#### SOURCE DATA
◇ ◇ ◇
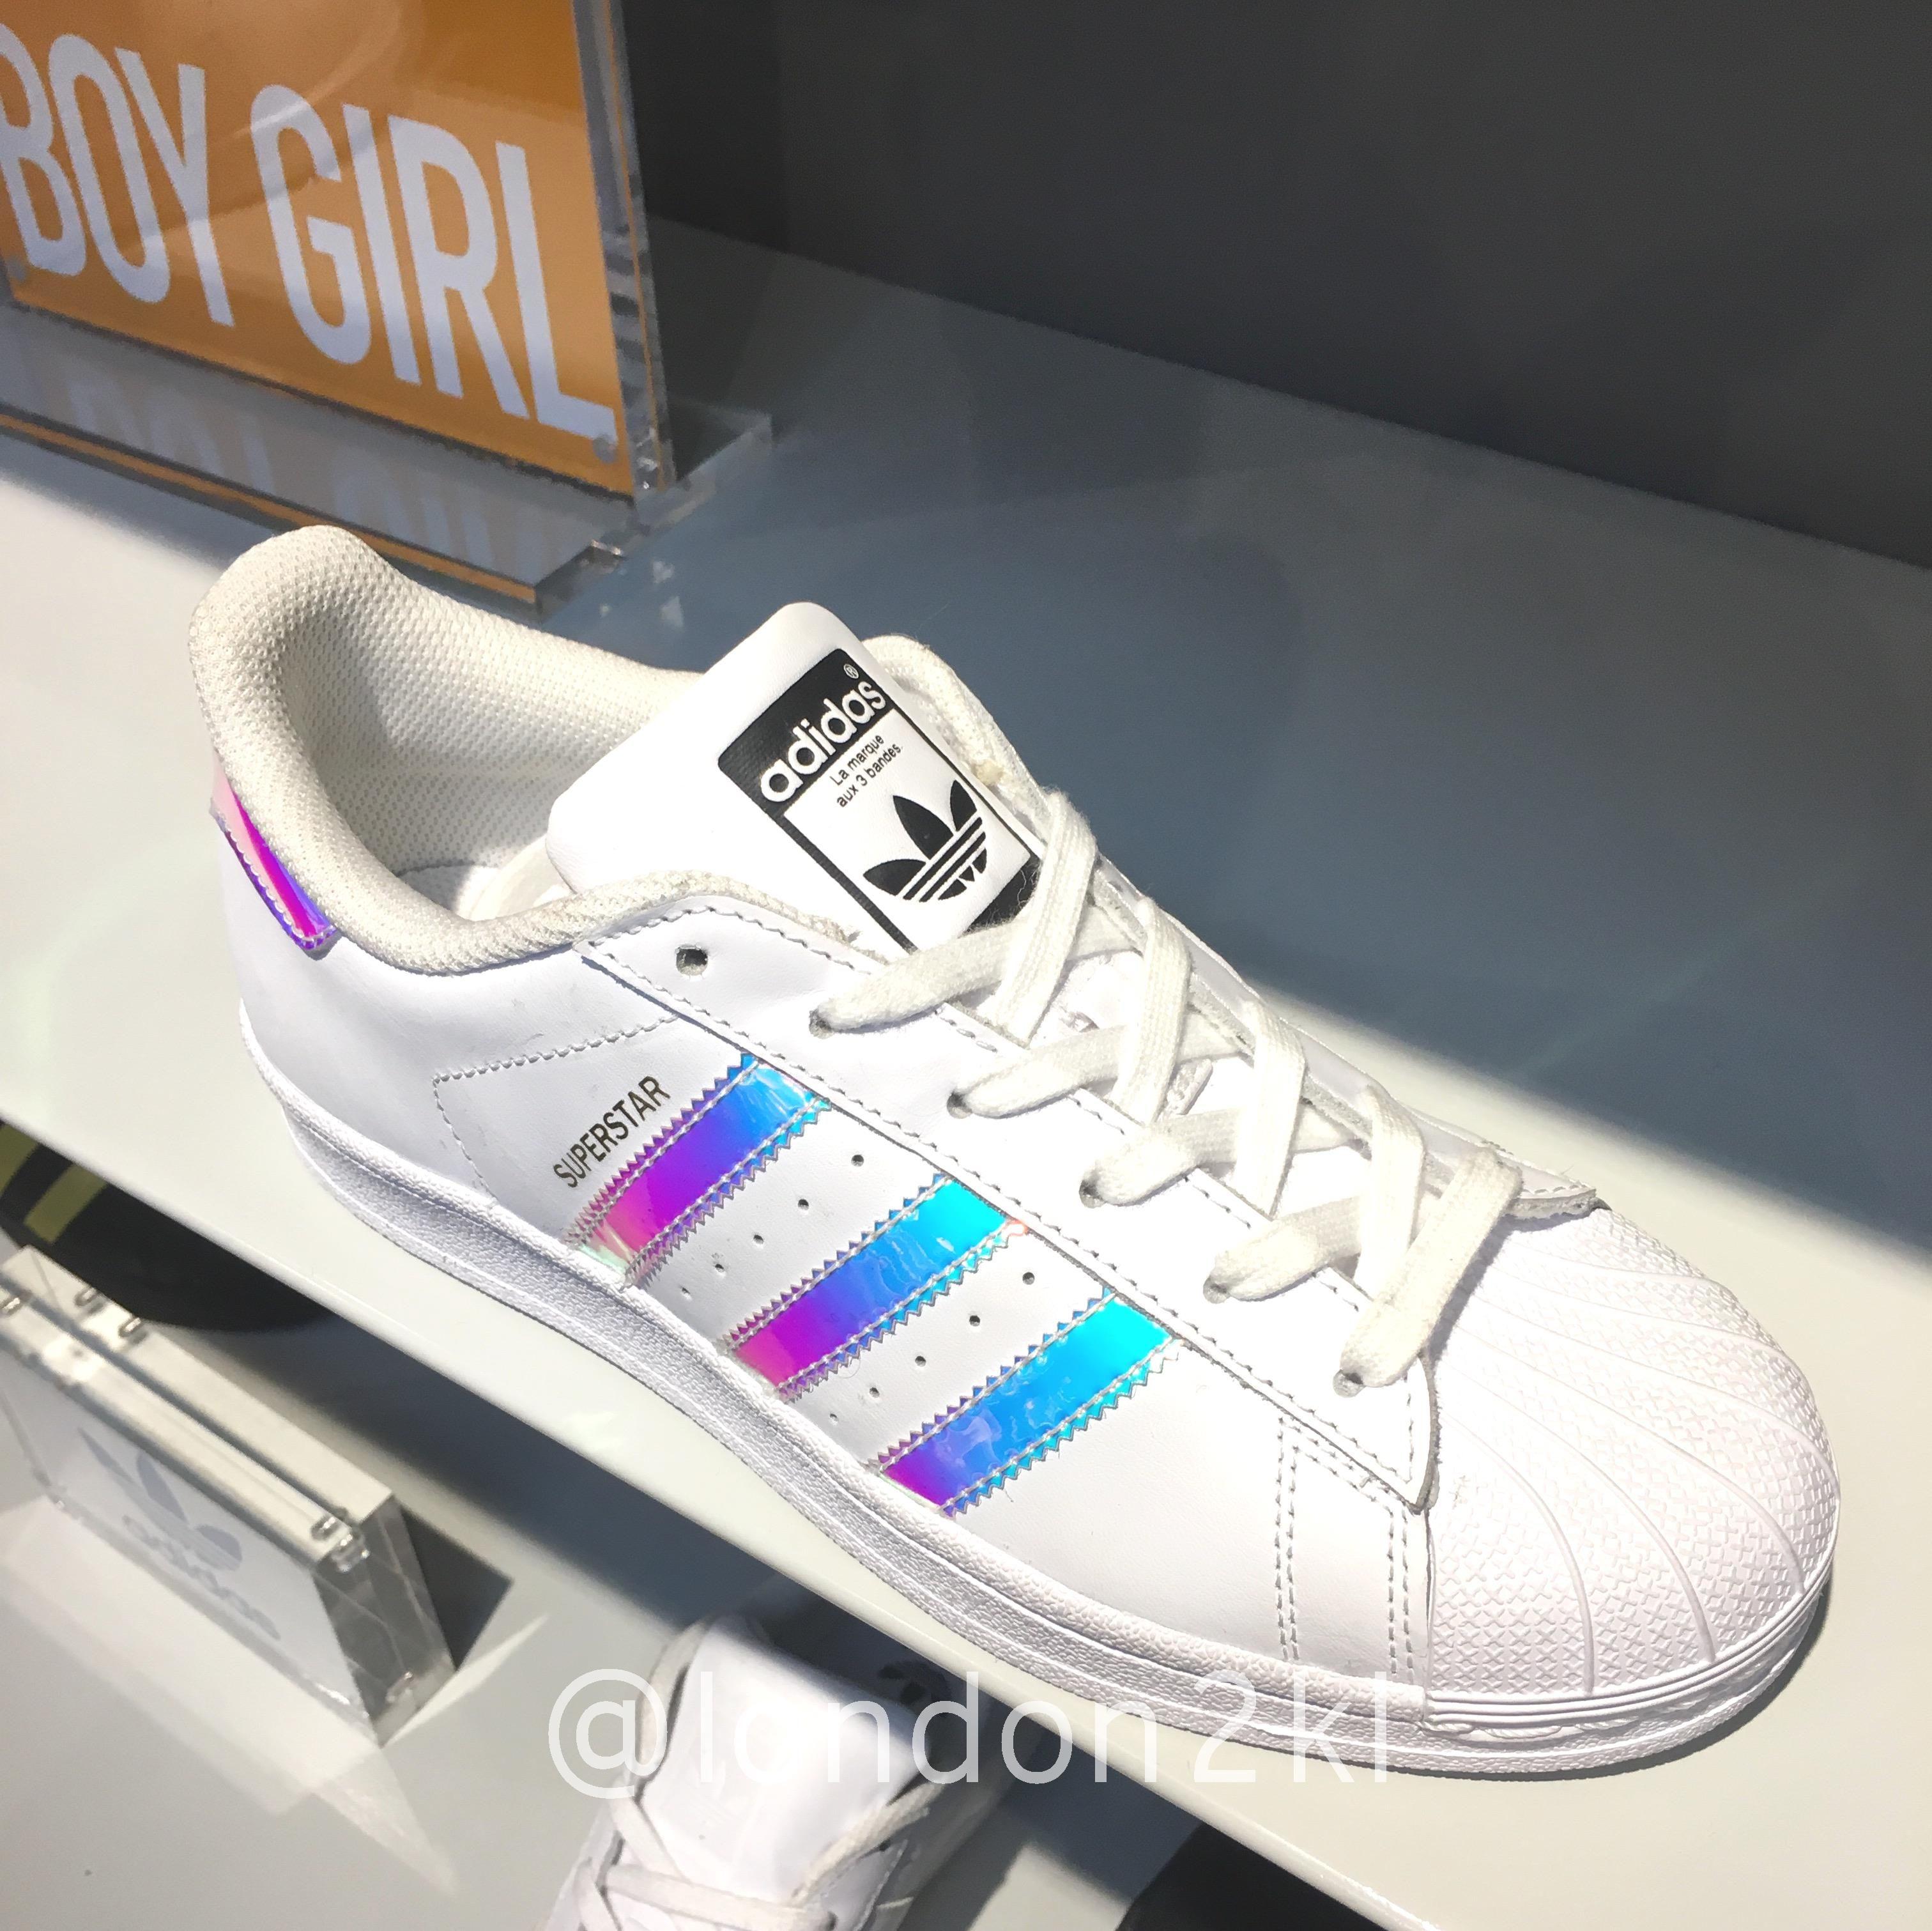 adidas near me now
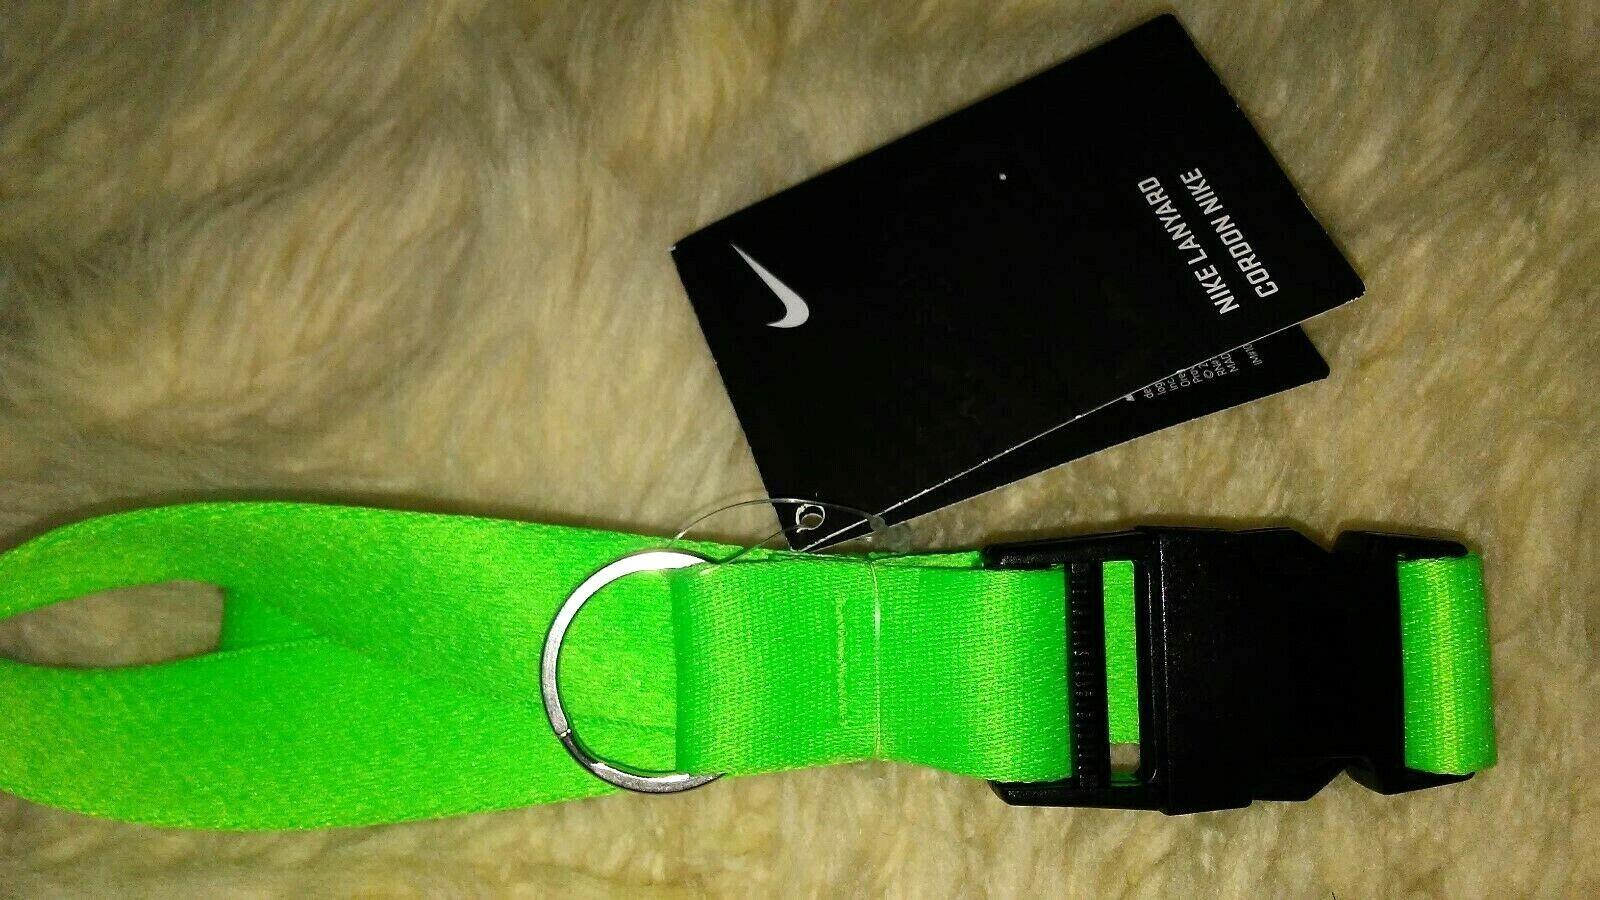 Green //Black, One Size NK Lanyard AC3582-385
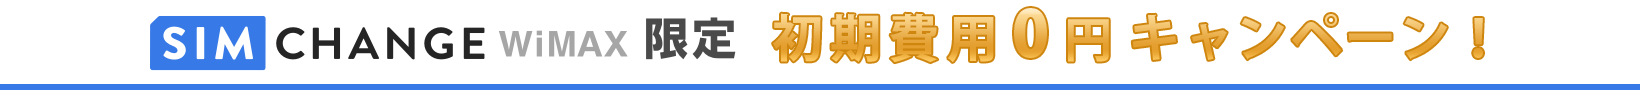 SIMCHANGE WiMAX限定 新春お年玉キャンペーン!
◇ ◇ ◇
#### TASK STATEMENT
Copy, exactly and exclusively, the lines beginning with the one that contains "Green //Black, One" and ending with the last line of the listing; pictures are to be omitted.

#### RESULT OF THE TASK
 Green //Black, One Size NK Lanyard AC3582-385
 SIMCHANGE WiMAX限定 新春お年玉キャンペーン!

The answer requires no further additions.